Erlang's edoc reference can be generated locally from a RabbitMQ repository clone or source archive:

gmake edoc
# => ... Ignore warnings and errors...

# Now open `doc/rabbit_feature_flags.html` in the browser.

How to Adapt and Run Testsuites with mixed-version clusters

When a feature or behavior depends on a feature flag (either in the core broker or in a plugin), the associated testsuites must be adapted to take this feature flag into account. It means that before running the actual testcase, the setup code must verify if the feature flag is supported and either enable it if it is, or skip the testcase. This is the same for setup code running at the group or suite level.

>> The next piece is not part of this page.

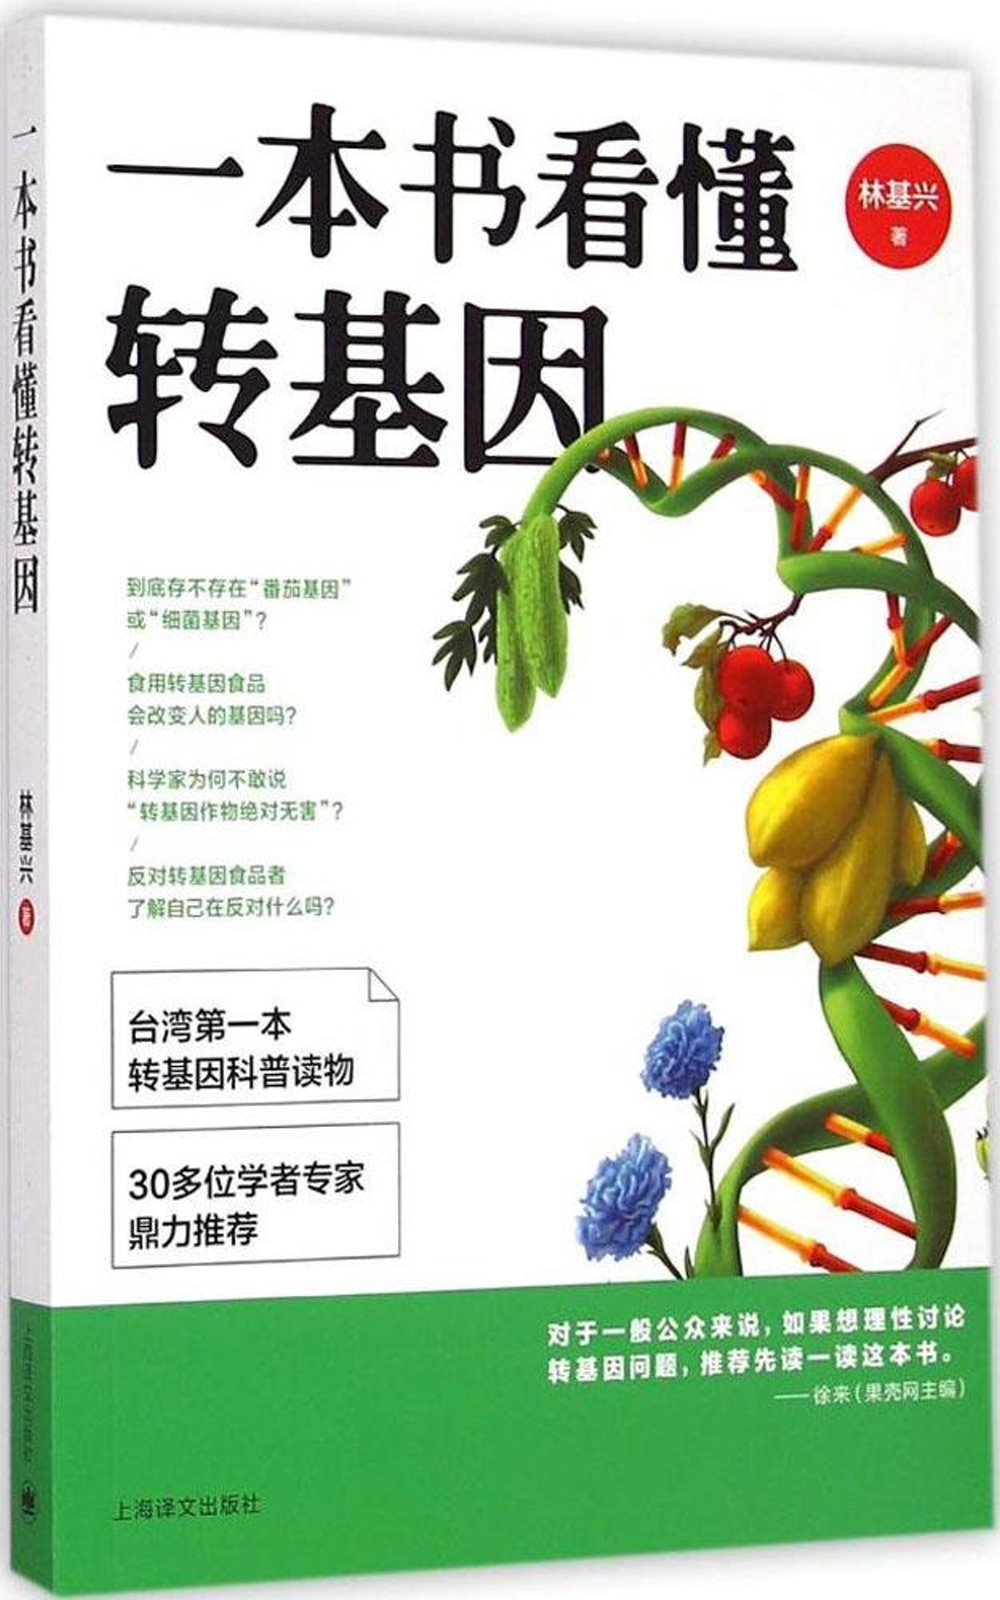 一本書看懂轉基因

There are helper functions in rabbitmq-ct-heleprs to ease that check. Here is an example, taken from the dynamic_qq_SUITE.erl testsuite in rabbitmq-server:

init_per_testcase(Testcase, Config) ->
% (...)

% 1.
% The broker or cluster is started: we rely on this to query feature
% flags.
Config1 = rabbit_ct_helpers:run_steps(
Config,
rabbit_ct_broker_helpers:setup_steps() ++
rabbit_ct_client_helpers:setup_steps()),

% 2.
% We try to enable the `quorum_queue` feature flag. The helper is
% responsible for checking if the feature flag is supported and
% enabling it.
case rabbit_ct_broker_helpers:enable_feature_flag(Config1, quorum_queue) of
ok ->
% The feature flag is enabled at this point. The setup can
% continue to play with `Config1` and the cluster.
Config1;
Skip ->
% The feature flag is unavailable/unsupported. The setup
% calls `end_per_testcase()` to stop the node/cluster and
% skips the testcase.
end_per_testcase(Testcase, Config1),
Skip
end.

It is possible to run testsuites locally in the context of a mixed-version cluster. If configured to do so, rabbitmq-ct-helpers will use a second version of RabbitMQ to start half of the nodes when starting a cluster:

  • Node 1 will be on the primary copy (the one used to start the testsuite)
  • Node 2 will be on the secondary copy (the one provided explicitly to rabbitmq-ct-helpers)
  • Node 3 will be on the primary copy
  • Node 4 will be on the secondary copy
  • ...

To run a testsuite in the context of a mixed-version cluster:

  1. Clone the rabbitmq-public-umbrella repository and checkout the appropriate branch or tag. This will be the secondary Umbrella. In this example, the v3.12.x branch is used:

    git clone https://github.com/rabbitmq/rabbitmq-server.git secondary-umbrella
    cd secondary-umbrella
    git checkout v3.12.x
    make co
  2. Compile RabbitMQ or the plugin being tested in the secondary Umbrella. The rabbitmq-federation plugin is used as an example:

    cd secondary-umbrella/deps/rabbitmq_federation
    make dist
  3. Go to RabbitMQ or the same plugin in the primary copy:

    cd /path/to/primary/rabbitmq_federation
  4. Run the testsuite. Here, two environment variables are specified to configure the "mixed-version cluster" mode:

    SECONDARY_UMBRELLA=/path/to/secondary-umbrella \
    RABBITMQ_FEATURE_FLAGS= \
    make tests

    The first environment variable, SECONDARY_UMBRELLA, tells rabbitmq-ct-helpers where to find the secondary Umbrella, as the name suggests. This is how the mixed-version cluster mode is enabled.

    The secondary environment variable, RABBITMQ_FEATURE_FLAGS, is set to the empty string and tells RabbitMQ to start with all feature flags disabled: this is mandatory to have a newer node compatible with an older one.